Domestic students sometimes get a local/in-state discount so they actually cost more since they aren't paying as much tuition upfront. GP also alluded to international students coming to the US to learn and then taking their big brains back home instead of starting a company here. This was already an issue before Trump II but has been exacerbated by ICE's gestapo tactics along with all of the other roadblocks that Trump and team are trying to insert via executive order, strategic defunding, and all the other mob/shakedown behavior.


>GP also alluded to international students coming to the US to learn and then taking their big brains back home instead of starting a company here.

I'm not sure this is such a big issue. If the research environment is poor in their home country, the VC environment is probably even worse. Also consider every foreign professor teaching in the US right now is essentially a modern Operation Paperclip victory against their homeland. And there are a lot of them. Plus the student is still contributing to American research efforts as a grad student here. It isn't all unilateral effort unilateral benefit. They are advancing their PIs grant effort. They are probably teaching and mentoring.


> Operation Paperclip

Even without internet, many of the scientists of Eastern European extraction were able to share secrets to the Soviets. I don't believe any Operation Paperclip scientists were directly implicated as atomic spies (and there may be some reasons the US wouldn't want to bring attention to that), but plenty of other operations occurred, and plenty of other scientists did in fact share secrets with the Soviets.
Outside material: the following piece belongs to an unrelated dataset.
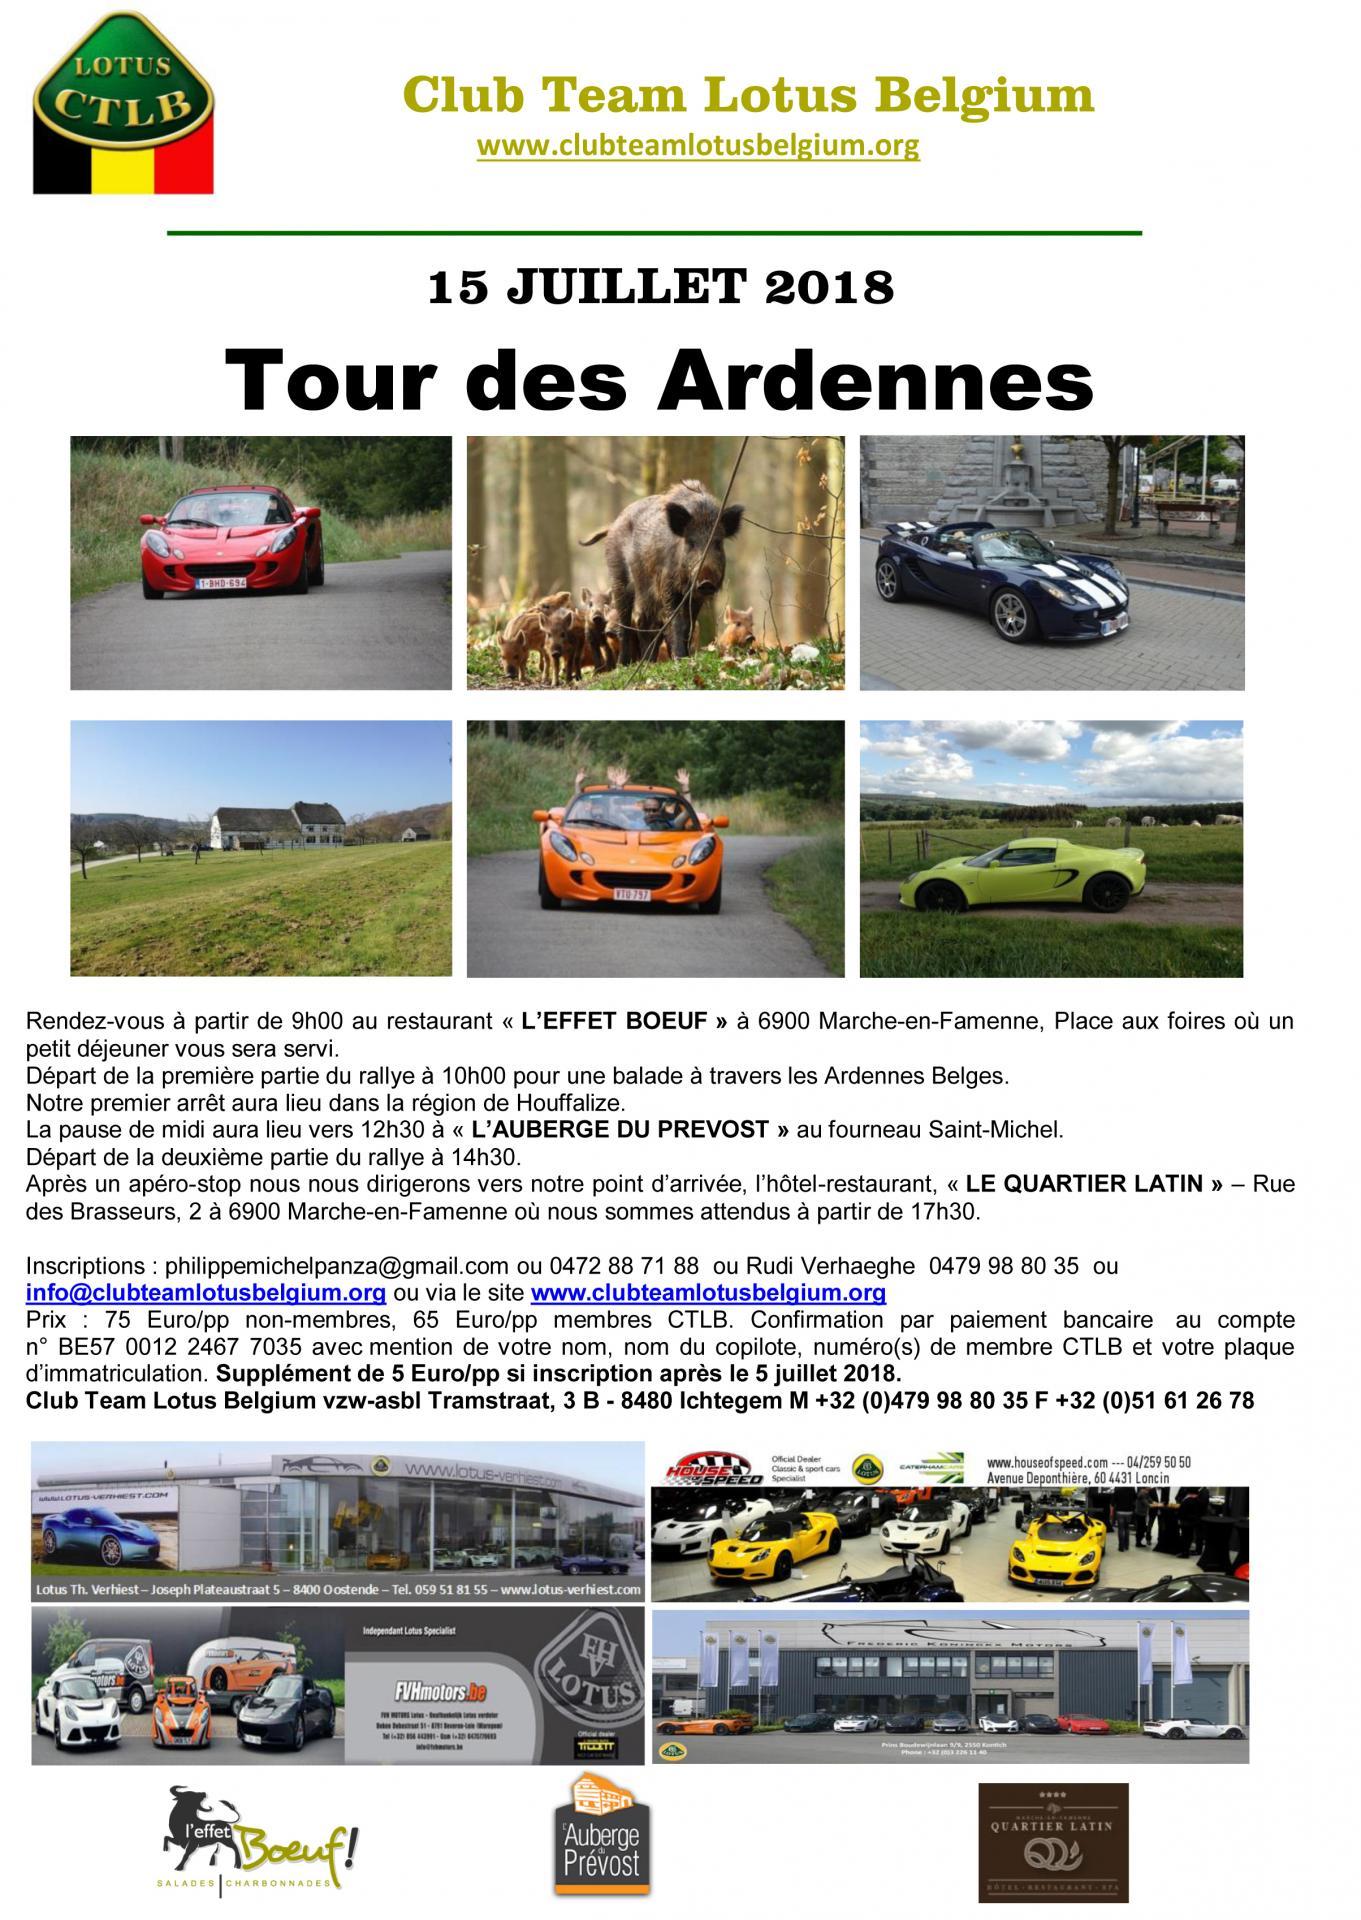 Invitation tour des ardennes 2018

Now, with the Internet and strong crypto, it's trivial for Chinese professors to send IP back to collaborators in China. That is the basis of the 1000 Talents Plan (1), one of 200 Chinese "talent recruitment" plans.

This is not at all hypothetical. I used to swim with Kang Zhang, who has done amazing work to cure chlamydial blindness, but also took that IP from the US to China (2). Another ophthalmologist would drive all the way from UCLA (the north end of LA) to San Diego to swim with us. I asked him why. He said it was to keep an eye on Kang: he had more macaques in China to run experiments on than anyone in the US could possibly access.

(1) https://en.wikipedia.org/wiki/Thousand_Talents_Plan

(2) https://en.wikipedia.org/wiki/Kang_Zhang


It was also the case at MIT that students on an NSF fellowship cost the PI more to hire.